Closed pierre-vigier closed 6 years ago

pierre-vigier commented 8 years ago

The determinant method implemented is not correct, here is an example where it does not work: my $a = Math::Matrix.new([[7, 3, 7, 1, 1, 4], [9, 7, 6, 1, 9, 1], [9, 6, 2, 5, 5, 6], [6, 0, 3, 5, 1, 3], [0, 5, 0, 0, 5, 7], [4, 2, 7, 6, 1, 9]]); Method return 154266 , should be -33618 (dixit Octave)

I was planning to use Cholesky decomposition to compute the determinant when possible, however, to check if a Matrix can be decomposed by Cholesky, you are using the determinant, so, we have an infinite loop. I Removed the call to Cholesky, and use the LUP decompostion, using that, the determinant is however correct.

For Cholesky, should we not check the determinant, but use a try catch ?

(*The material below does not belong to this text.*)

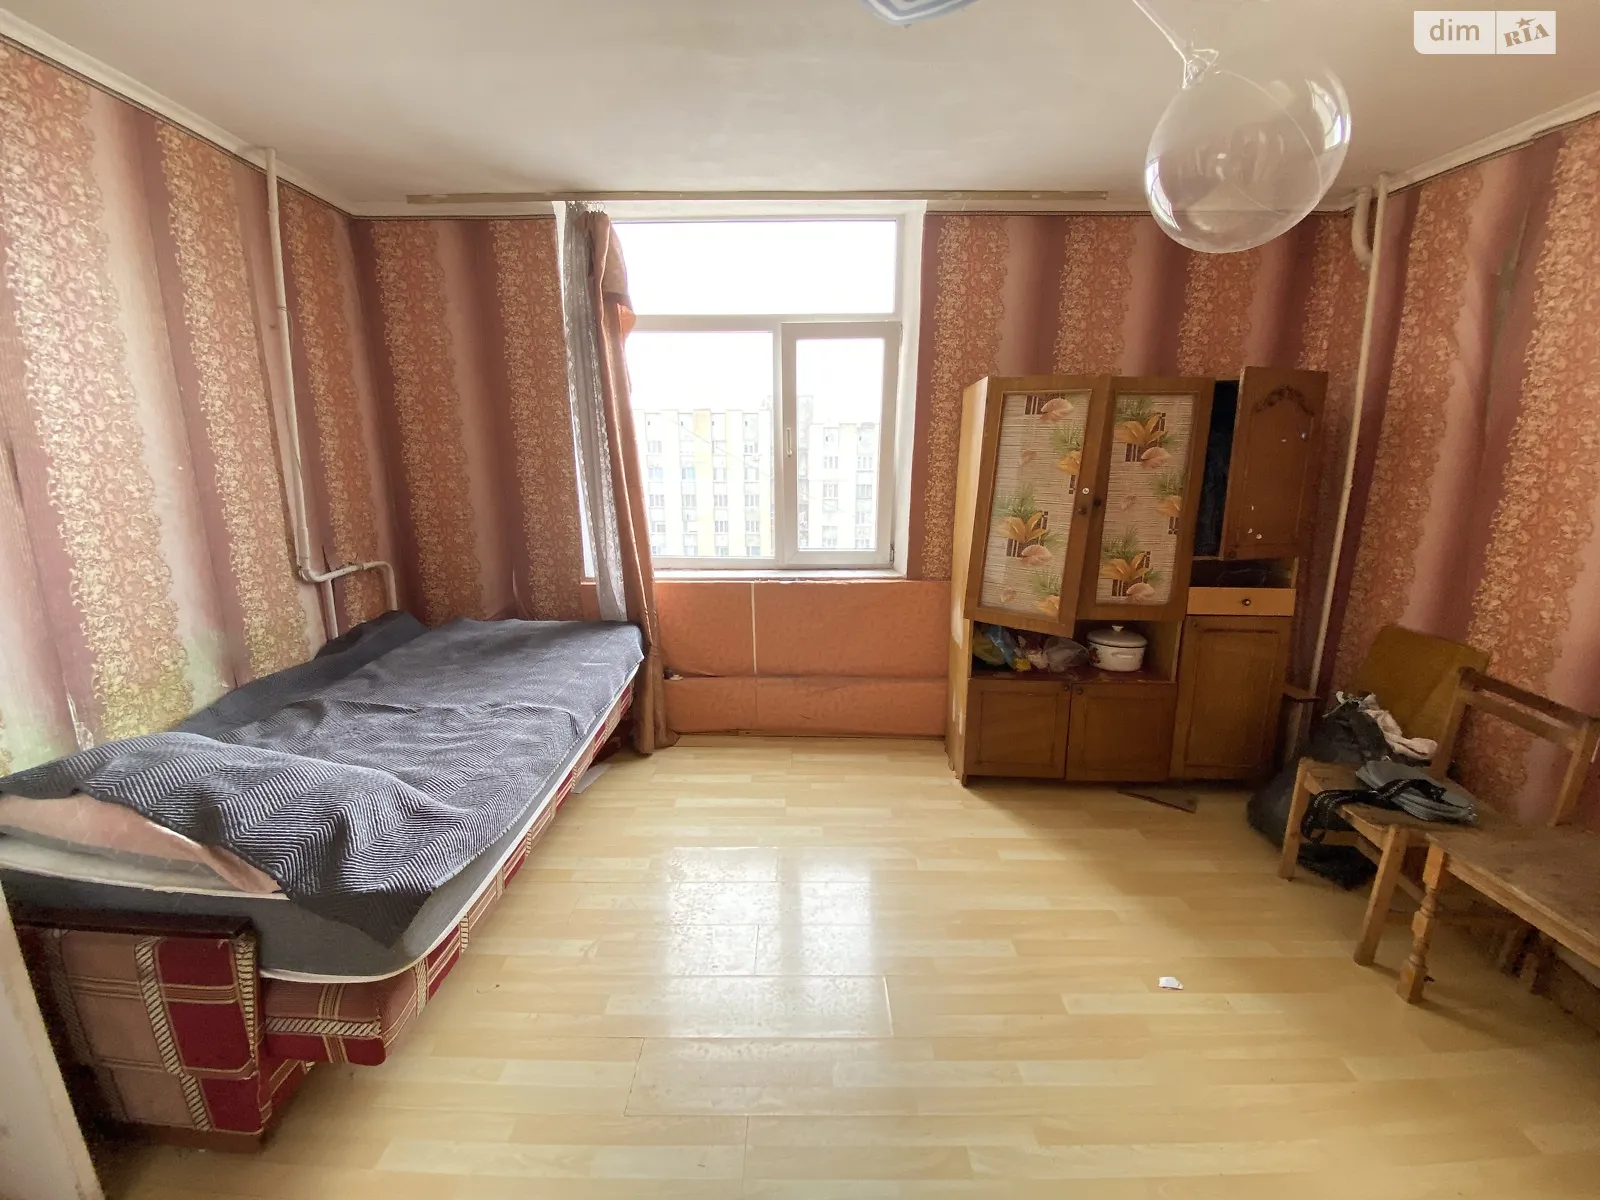 Продается комната 21 кв. м в Виннице, цена: 16499 $ - фото 1

pierre-vigier commented 8 years ago

It seems that the algorithm to find the signum is working for 2,3,4 however, while testing 6 or 10, it did not work. At least temporarily, i used the permutations algorithm that is show cased on rosettacode http://rosettacode.org/wiki/Permutations_by_swapping

Also, a quick benchmark, for a 10x10 matrix: my $a = Math::Matrix.new([[96, 13, 48, 11, 35, 63, 26, 18, 44, 61], [32, 24, 30, 87, 32, 53, 31, 93, 9, 79], [31, 37, 85, 58, 9, 38, 97, 90, 29, 32], [83, 82, 0, 78, 12, 74, 35, 43, 41, 97], [48, 42, 75, 76, 45, 82, 78, 35, 96, 75], [84, 93, 89, 51, 29, 34, 71, 59, 56, 24], [27, 62, 50, 46, 44, 6, 11, 77, 40, 83], [48, 77, 28, 87, 62, 71, 44, 10, 81, 14], [75, 2, 92, 20, 8, 50, 20, 19, 69, 62], [75, 81, 32, 69, 58, 52, 74, 78, 12, 55]]); using the decomposition method, determinant is computed in 0.7046780s, result is the same as in octave: 1.57118910345124e+16 ( octave return 1.5712e+16 ) Using the naive permutation method, i stopped the program after 25 minutes without having a result

lichtkind commented 8 years ago

so choleski or the implementation of leibnitz is not right?

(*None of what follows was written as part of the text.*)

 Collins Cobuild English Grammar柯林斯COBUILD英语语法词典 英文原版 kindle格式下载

lichtkind commented 8 years ago

but yes if permutation is too slow we go with decomp

lichtkind commented 8 years ago

and choleski can be tested without determinant even its not a necesary criterium. as soon we have eigenvalues the cycle is broken anyway becasue we can then check if all eigenvalues are positive but them to compute i now see only iterative. they are more sophisiticated methods but i have to read into that first. also ne befor i was in library truesday.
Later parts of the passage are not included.